What to produce | The listing that follows must be retyped exactly, without its pictures.

Given data |
§

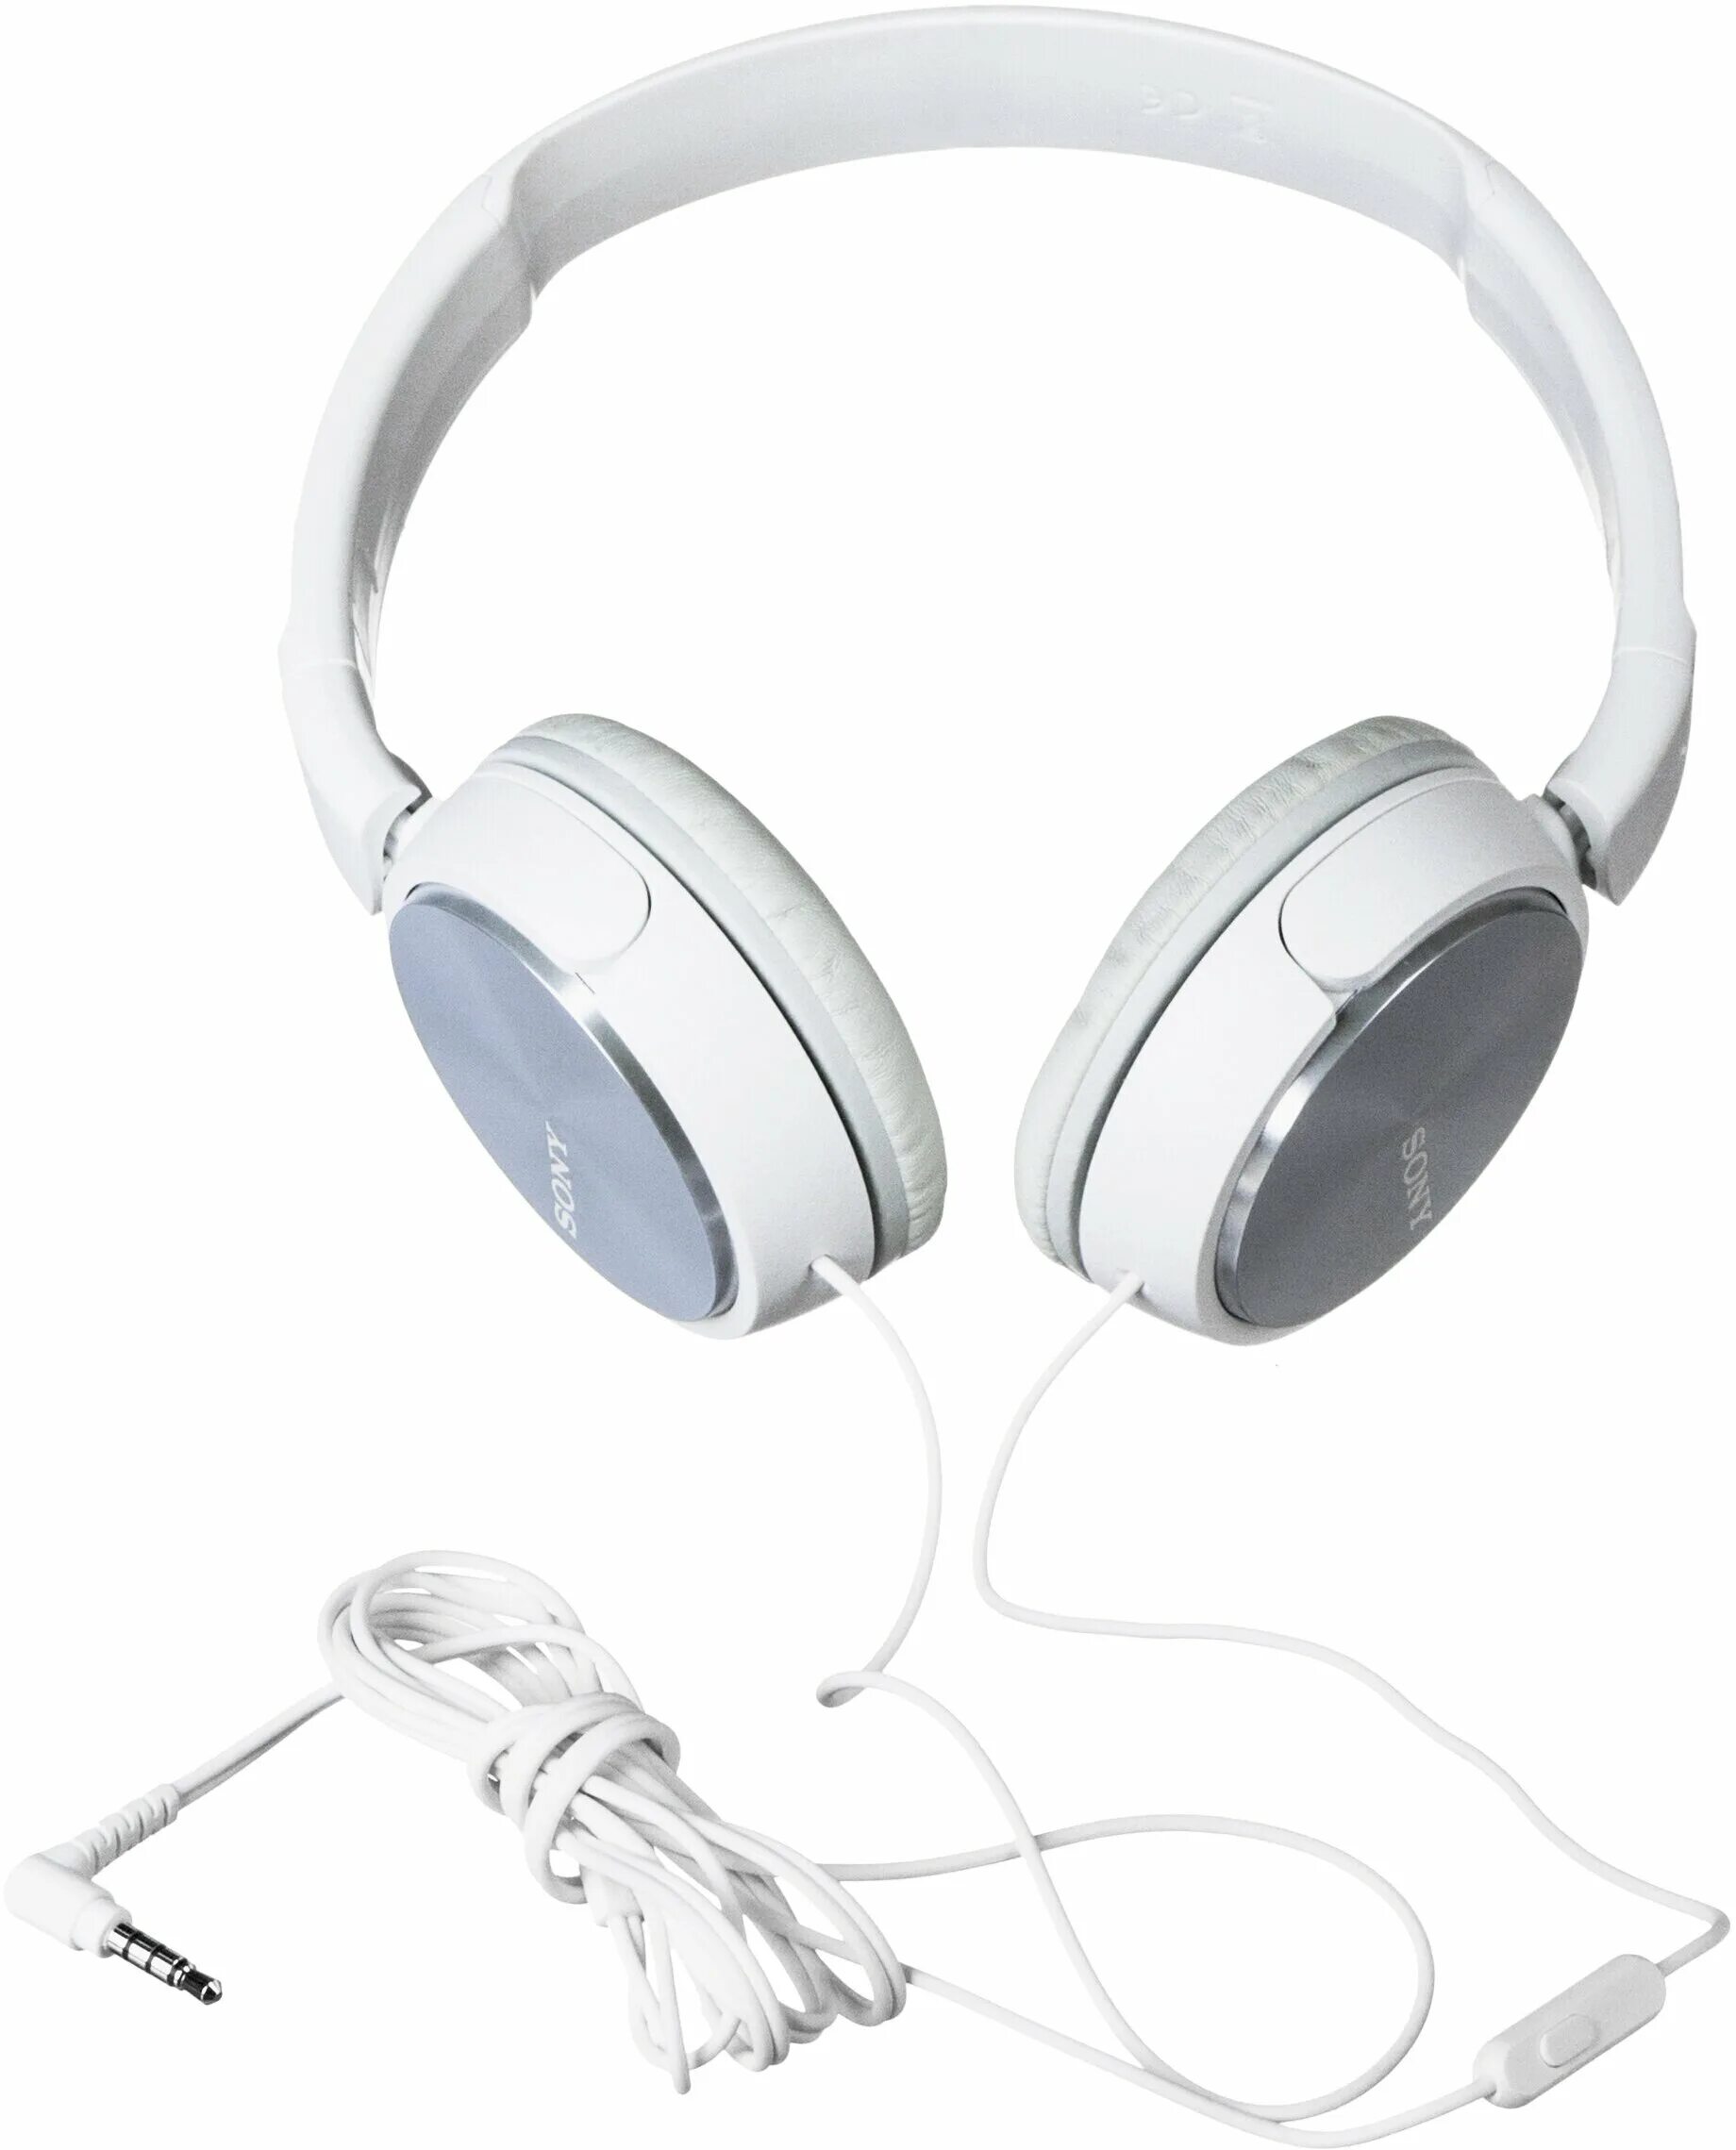 Sony MDR-zx310. Sony MDR-zx310ap White. Наушники Sony MDR-zx310. Наушники Sony MDR-zx310ap White.
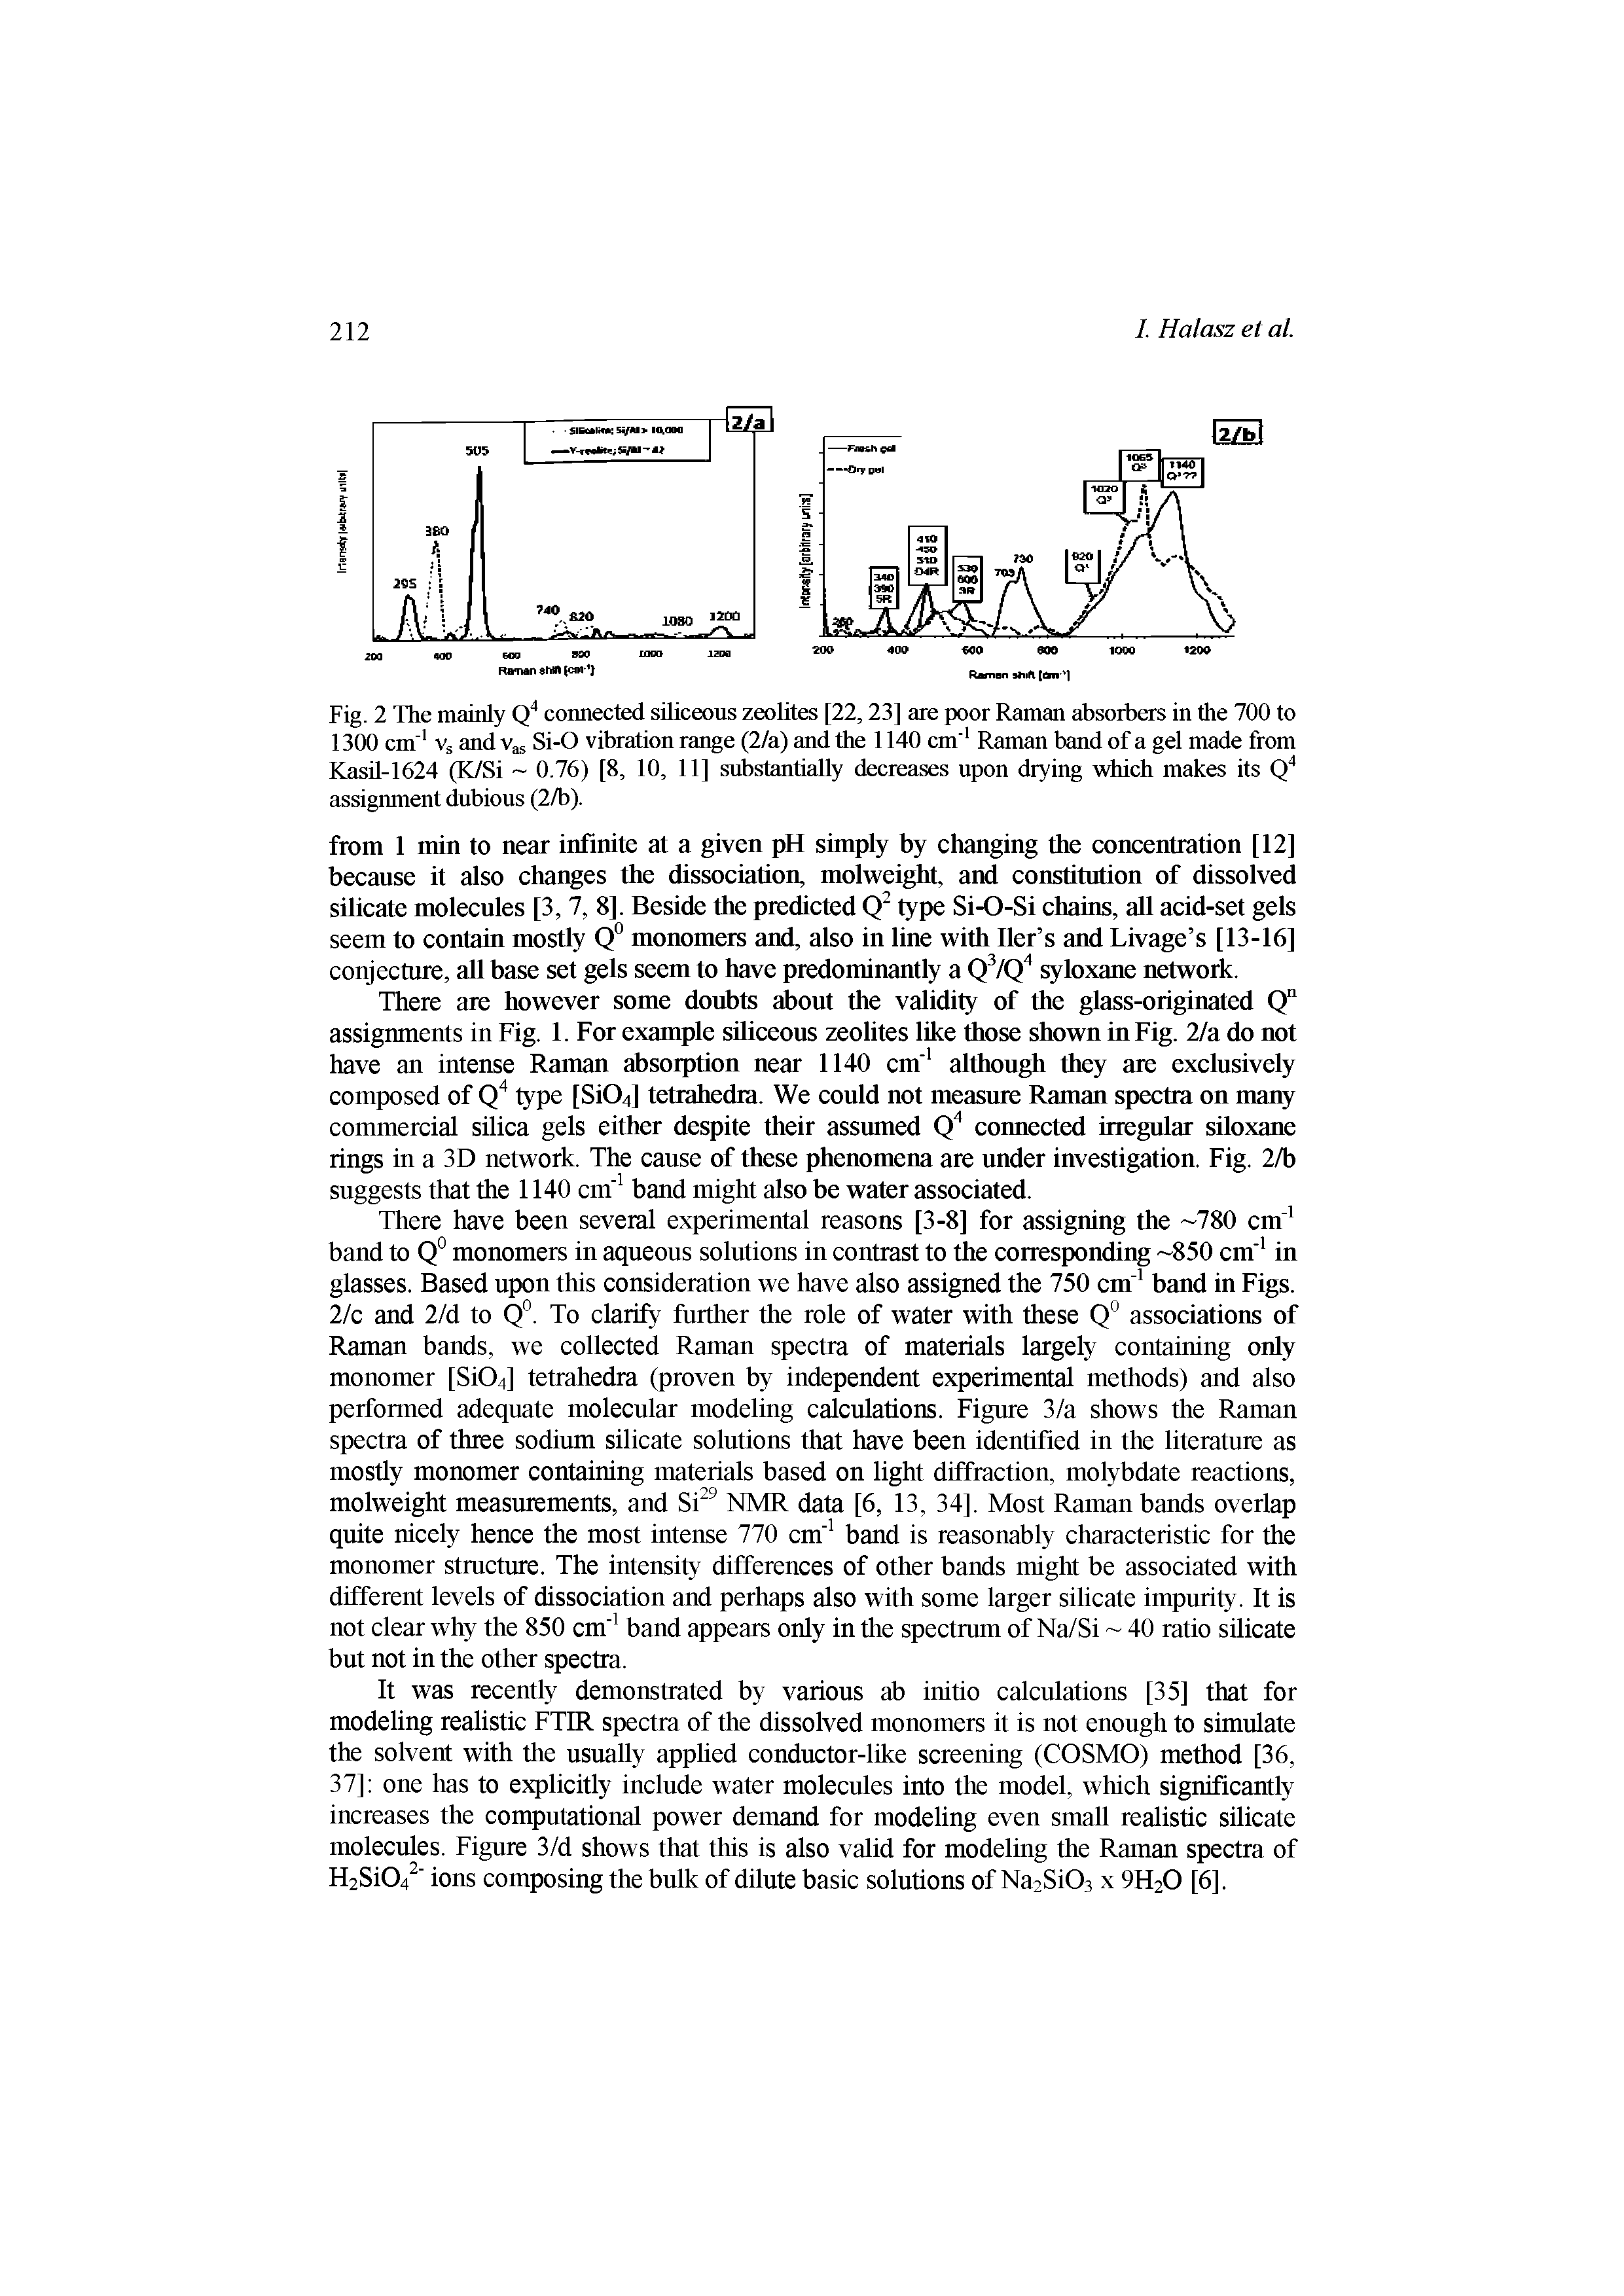 Fig. 2 The mainly Q connected siliceous zeolites [22,23] are poor Raman absorbers in the 700 to 1300 cm" Vs and Vas Si-O vibration range (2/a) and the 1140 cm Raman band of a gel made from Kasil-1624 (K/Si 0.76) [8, 10, 11] substantially decreases upon drying which makes its Q assignment dubious (lib).
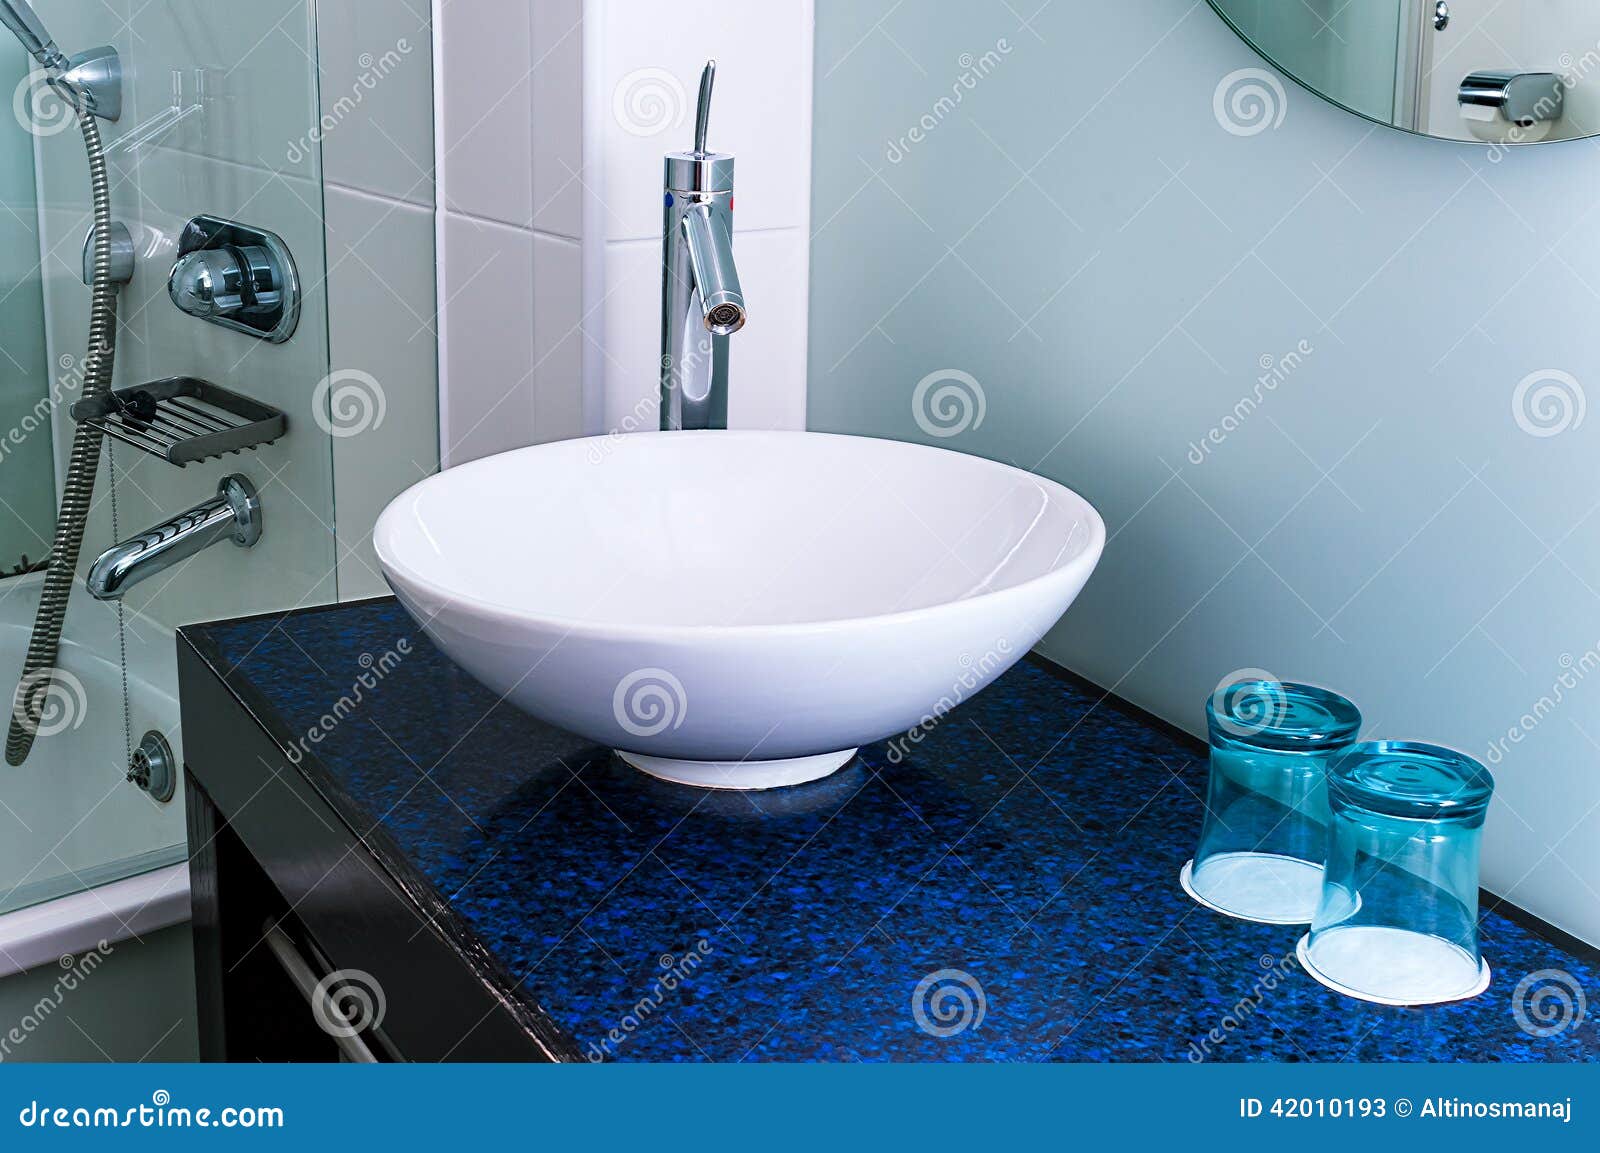 Bathroom Sink Counter Tap Mixer Glass Blue Stock Image Image Of Counter

§

Reply to the task |
 Sony MDR-zx310. Sony MDR-zx310ap White. Наушники Sony MDR-zx310. Наушники Sony MDR-zx310ap White.
 Fig. 2 The mainly Q connected siliceous zeolites [22,23] are poor Raman absorbers in the 700 to 1300 cm" Vs and Vas Si-O vibration range (2/a) and the 1140 cm Raman band of a gel made from Kasil-1624 (K/Si 0.76) [8, 10, 11] substantially decreases upon drying which makes its Q assignment dubious (lib).
 Bathroom Sink Counter Tap Mixer Glass Blue Stock Image Image Of Counter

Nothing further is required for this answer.